Last Thursday, October 9th, as I was dusting away like the happy little cleaning bee I can rarely become (and thus, of which I should take full, uninterrupted advantage), I received a very strange phone call. Actually, the instant message came first. A sorority sister, whom I shall call Tori to protect myself from the Wrath of Tori, sent me an IM commenting on the people I had invited to my Screw Cancer party. Apparently, she had seen the guest list on my Evite invitation and didn’t like that I had invited other sorority sisters from back in the day. First, let me say that I had lost touch with almost all of them but, once they found out about my diagnosis, they have totally stepped up to the plate. Thank you girls—you know who you are (but I’ll name a few: Rene’, Crystal, Liz, Hansen and a bunch of other awesome girls who have sent me positive messages).

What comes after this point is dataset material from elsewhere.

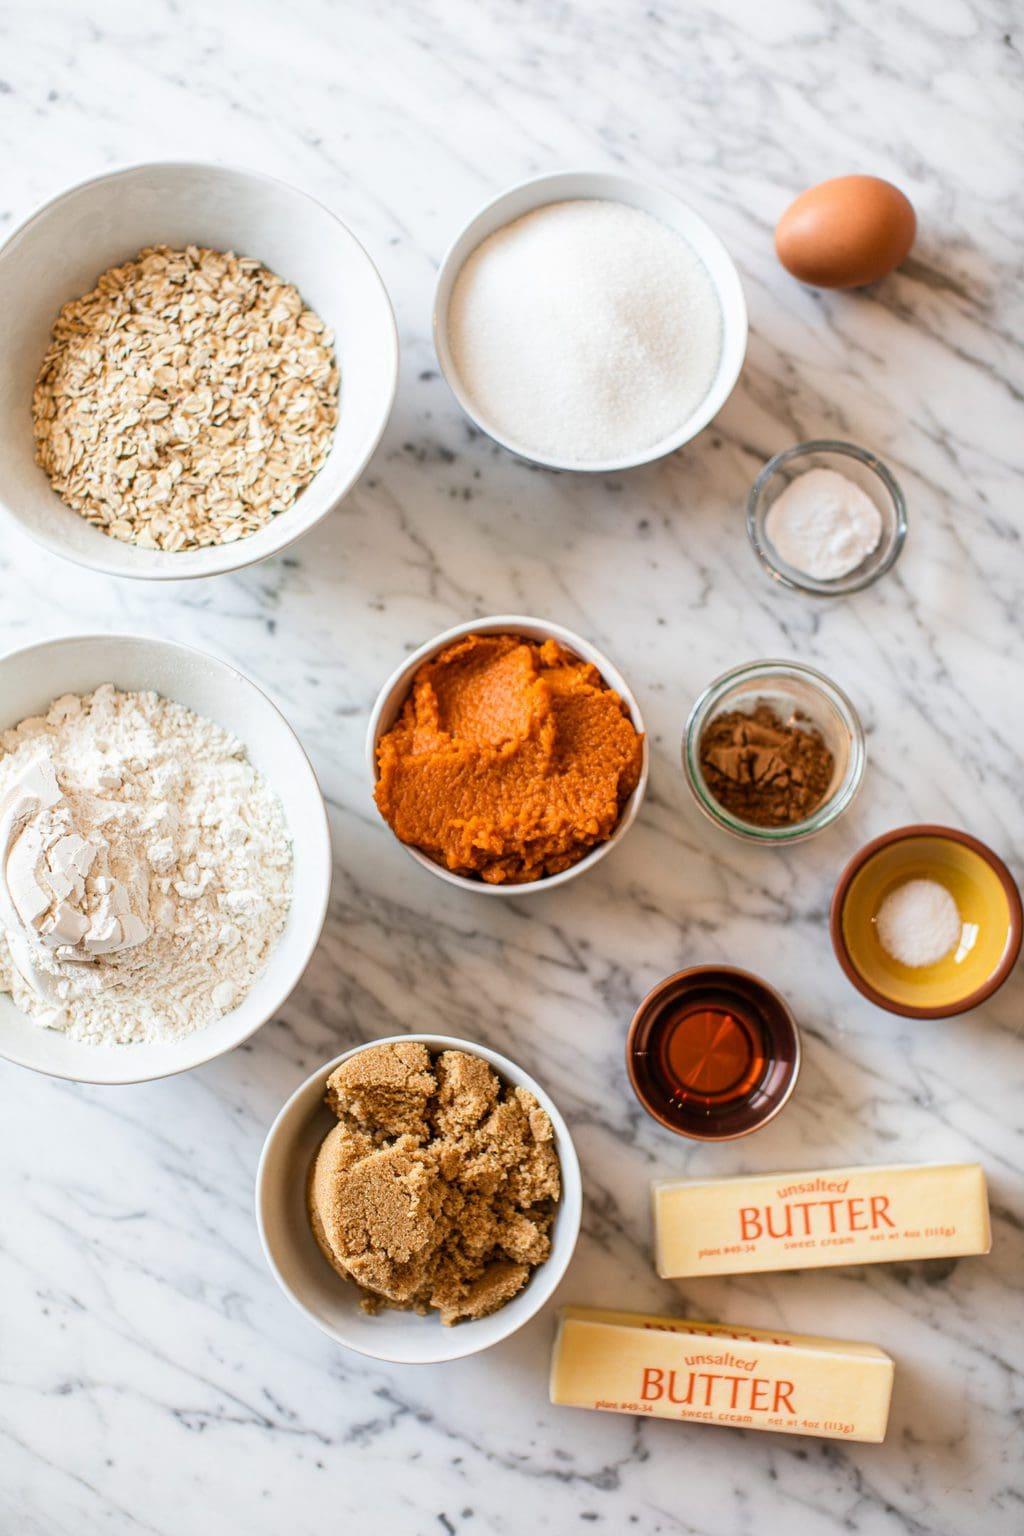 rolled oats, sugar, flour, pumpkin puree, brown sugar, cinnamon, salt, butter

The IM conversation went something like this:
Tori: I didn’t know you had gotten so close to XXXX. You know I can’t stand her.
Me: I certainly wouldn’t call us “so close” but she has totally been there for me since I was diagnosed. She checks in on me regularly and has been really encouraging.
Tori: Well isn’t that SOOOO SWEET (yes, dripping sarcasm). I’m glad you’ve got people who are so THERE for you. You should have that. Well, I need to get to the gym now so I’ll talk to you later.
Allow me now to back up: Tori and I called each other “best friend” for years but the love was lost a while ago. We had a ton of inside jokes, compared silly stories, and generally made each other laugh until we peed our respective pants just a little, but the deep, insightful conversations ceased years ago. Plans to visit each other always fell through, and, last March when I was in her town for a conference, our one night hanging out  together was strained…..nothing shockingly atypical of two friends who have drifted apart. That’s why, upon being diagnosed, I didn’t make a special call to her and she found out the way nearly everyone else did: by e-mail. She also received the only two mass follow-up e-mail updates about my condition that the rest of my support system got and, thus, had no other knowledge about me, my life, my state of mind, or my treatment.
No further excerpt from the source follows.